Quando leggi bene GA4, capisci dove l’utente si blocca, dove esce e dove il tuo ecommerce perde margine. Da li’ in poi smetti di tirare a indovinare e inizi a correggere quello che frena davvero gli acquisti.
Perche’ il punto di uscita conta piu’ del numero di visite
Molti guardano il tasso di conversione finale e basta. E’ un errore comune. Quel numero dice che qualcosa non va, ma non dice dove si rompe il percorso.
Il funnel di checkout in GA4 serve proprio a questo. Ti mostra il passaggio da uno step al successivo, per esempio da aggiunta al carrello a inizio checkout, poi al pagamento e infine all’acquisto. Quando vedi un calo netto, hai trovato il punto da analizzare.
Questo approccio cambia tutto. Se il drop avviene prima del checkout, il problema puo’ stare nella pagina prodotto, nel carrello o nei costi che compaiono tardi. Se invece il calo arriva tra spedizione e pagamento, spesso entrano in gioco fiducia, form troppo lunghi o metodi di pagamento poco chiari.

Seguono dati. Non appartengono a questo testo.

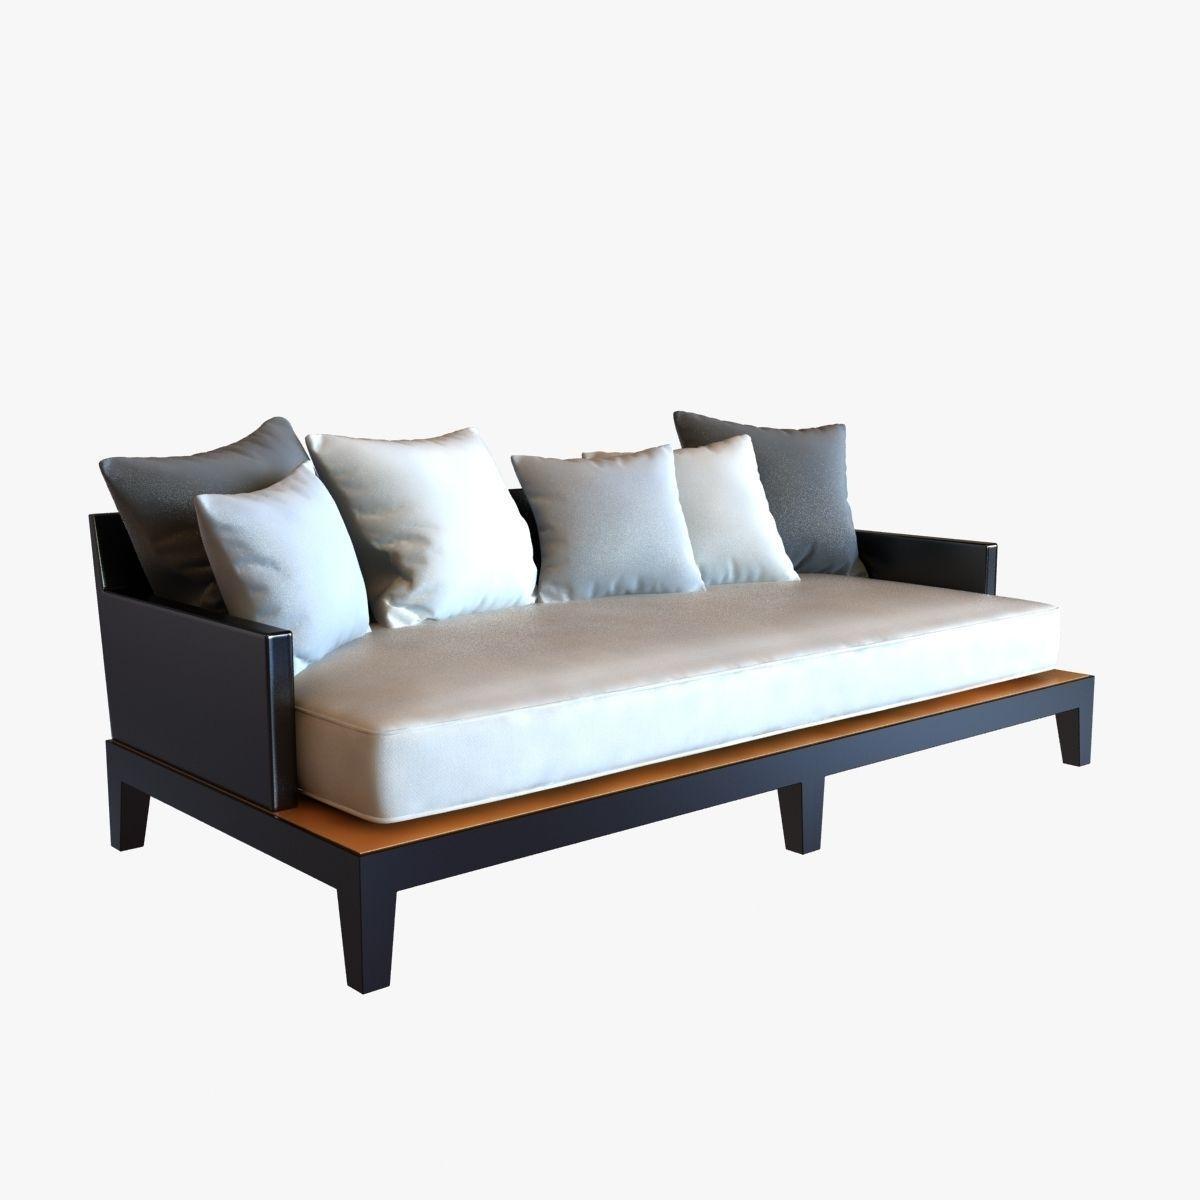 Christian Liaigre Sofa For Holly Hunt Opium 3d Model Max Obj 3ds Fbx Mtl 1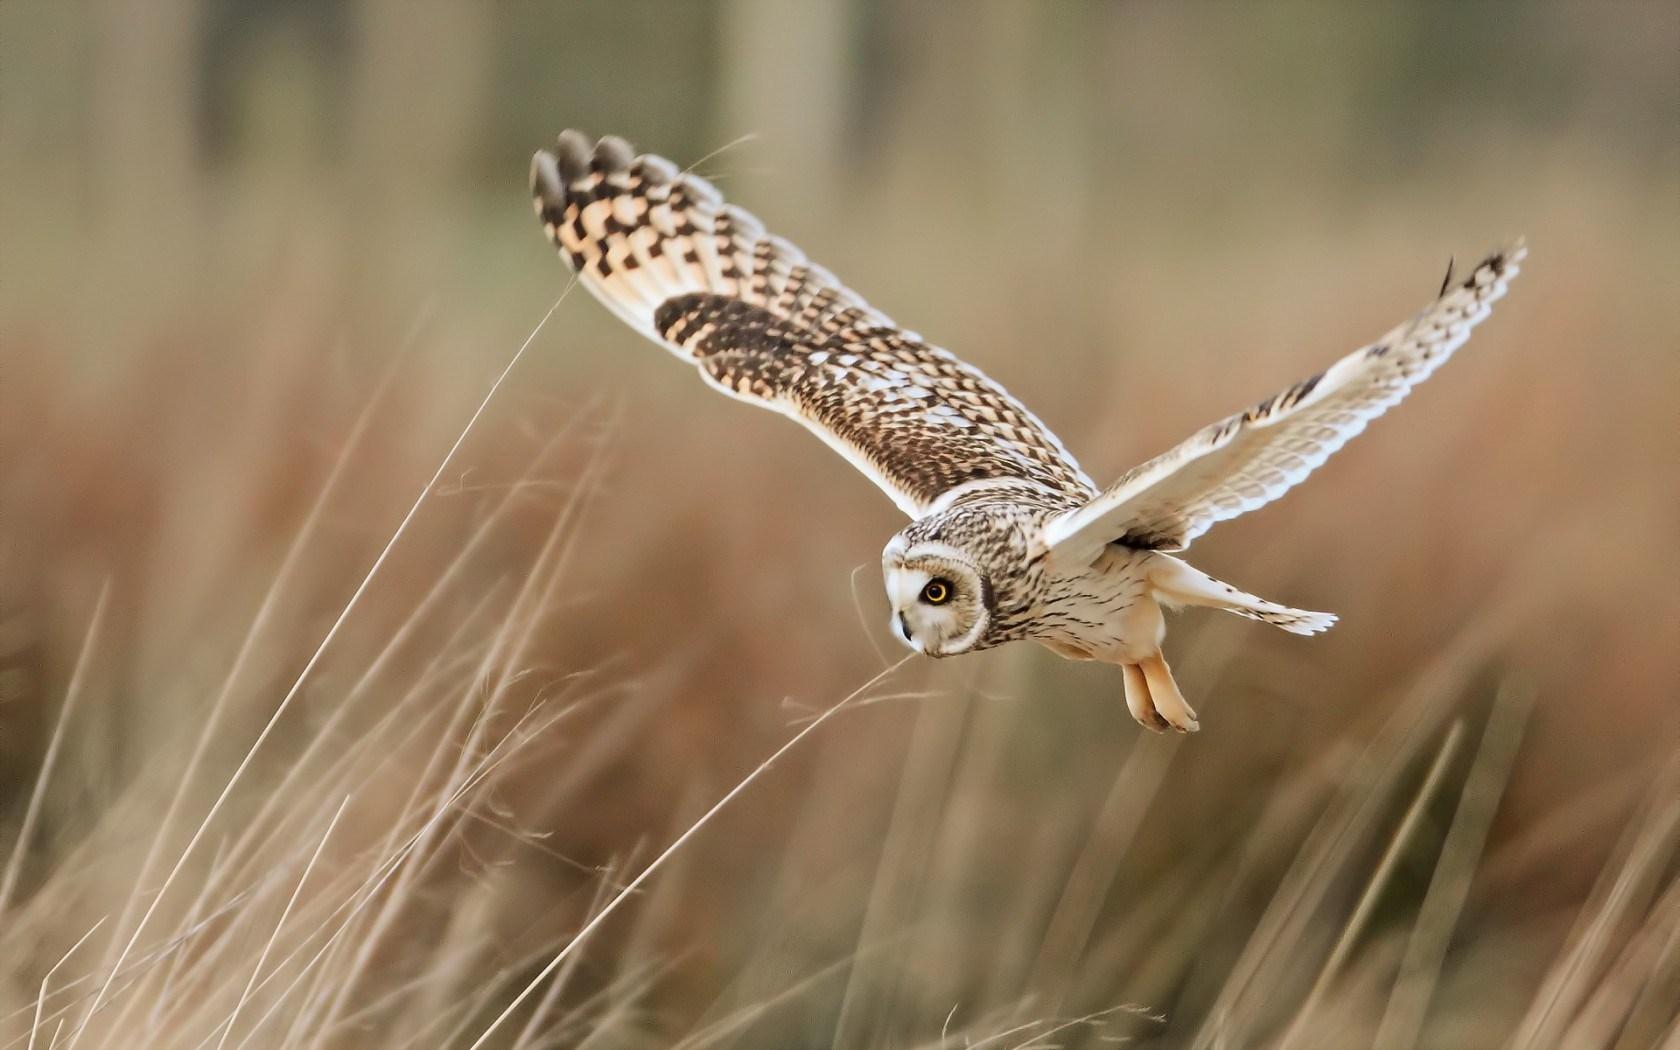 Field Bird Owl Flying

Vale ancora di piu’ se stai creando o rifacendo un sito web. Un ecommerce non fallisce solo per il prezzo. Spesso perde ordini per attrito, lentezza e scarsa chiarezza. Chi gestisce piu’ siti web lo vede subito: due negozi con lo stesso catalogo possono avere risultati molto diversi solo per come guidano l’utente nel checkout.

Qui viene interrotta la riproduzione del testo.